COLBY: This was also the man who told me he’d kill me if I mistreated his daughter. And I believed him.

MCKENZIE: You should have. I’m his only girl.

COLBY: And then he came home every day to watch us fulfill our cute little wallet orders and think, “Who did my daughter marry?” (laughs)

MCKENZIE: But, really. If we failed, what were we out? The power of being broke drove us. It fueled our marriage and our business. We learned to truly lean and rely on each other.

COLBY: We eventually moved to a two-bedroom house. We still couldn’t keep up. We were sewing and printing everything one by one.

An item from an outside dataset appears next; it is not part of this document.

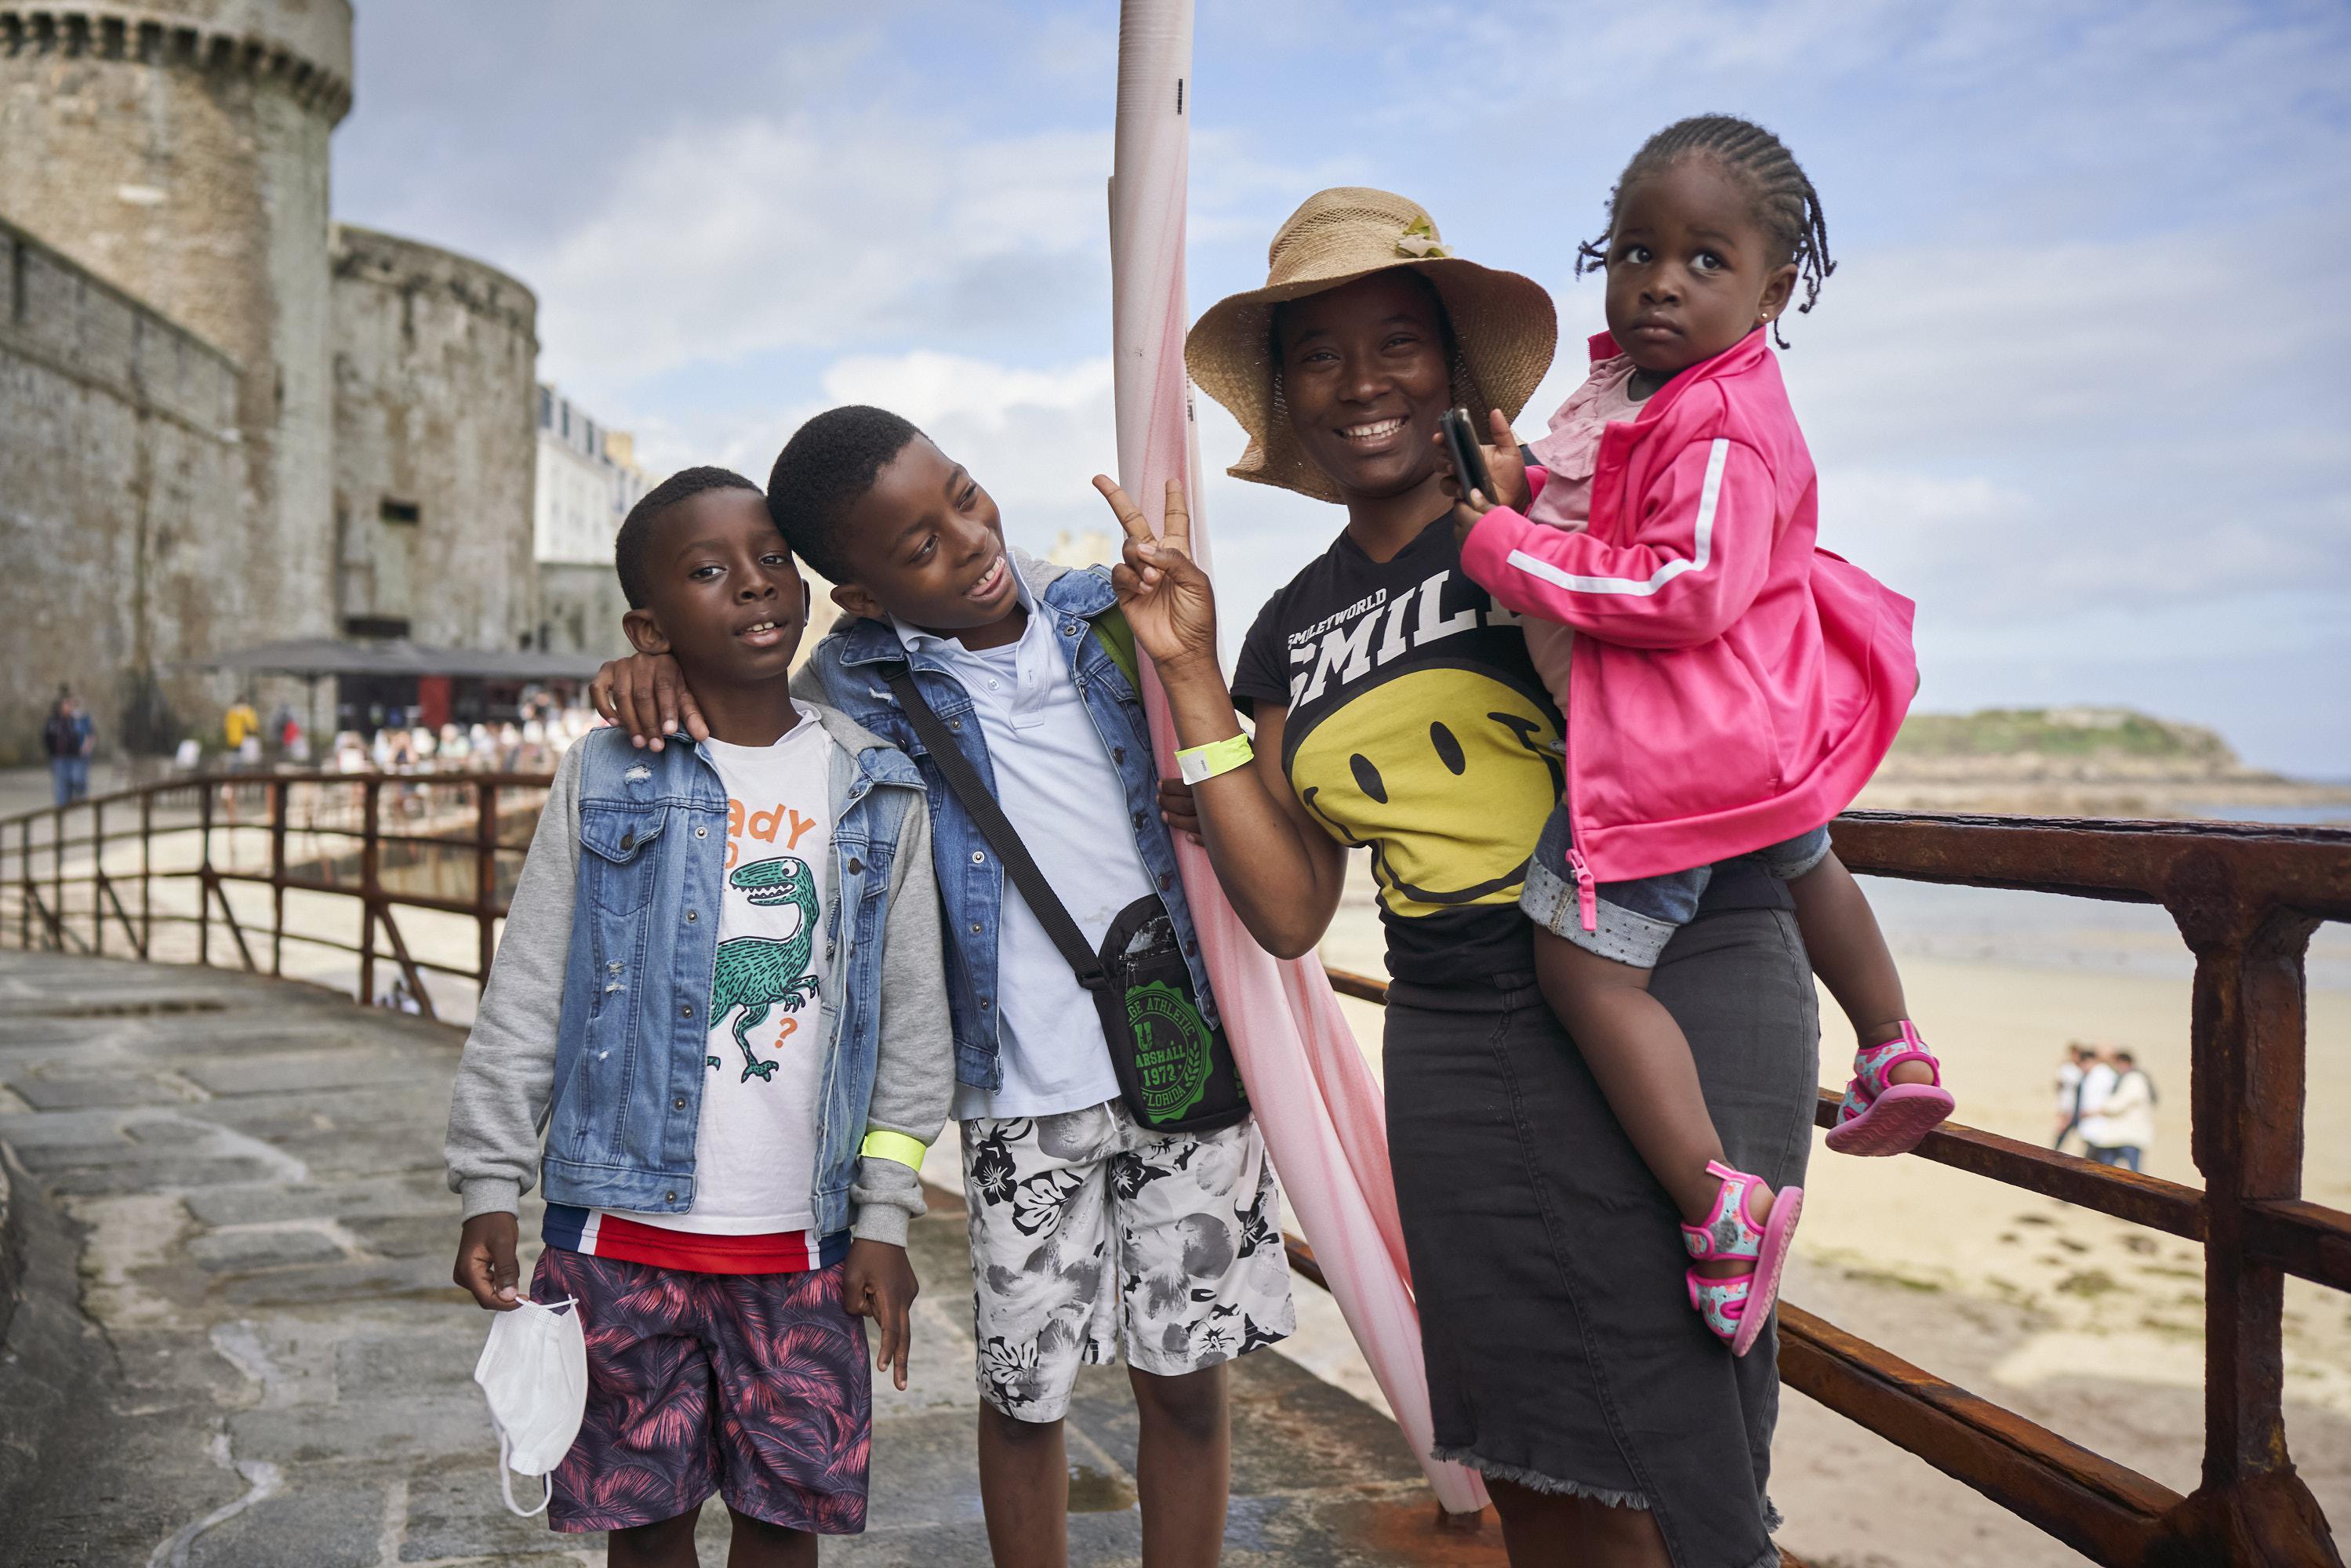 La parenthèse de Saint-Malo a mis la famille de Neid de bonne humeur, après une année difficile. Pedro (au milieu) attendait avec impatience une glace à l'italienne.

So we got an office at a strip mall with white walls. It was a little like an insane asylum, but it was still better than our house.

MCKENZIE: Once we started outsourcing, we could start scaling. It was a business-changer — for both our stress levels and growth of the business. We were able to focus more on marketing, creative, and strategic hires. The shift was staggering.

COLBY: We now have a team of 14 people who are super invested in the brand. We moved into this office in 2017, and we’ll be moving into a bigger office soon. Right now the goal is to dominate the wallet market. But in the future, we will be the brand for all-things carry accessories — wallets, phone cases, backpacks, you name it.

MCKENZIE: Our company history consists of us saying, “Can you believe where we’re at?” And then we grow again, and say, “Can you believe where we’re at now?!” We can finally believe it. This is just the beginning.

COLBY: Oh, and by the way … seeing your products carried by complete strangers? Still completely cool.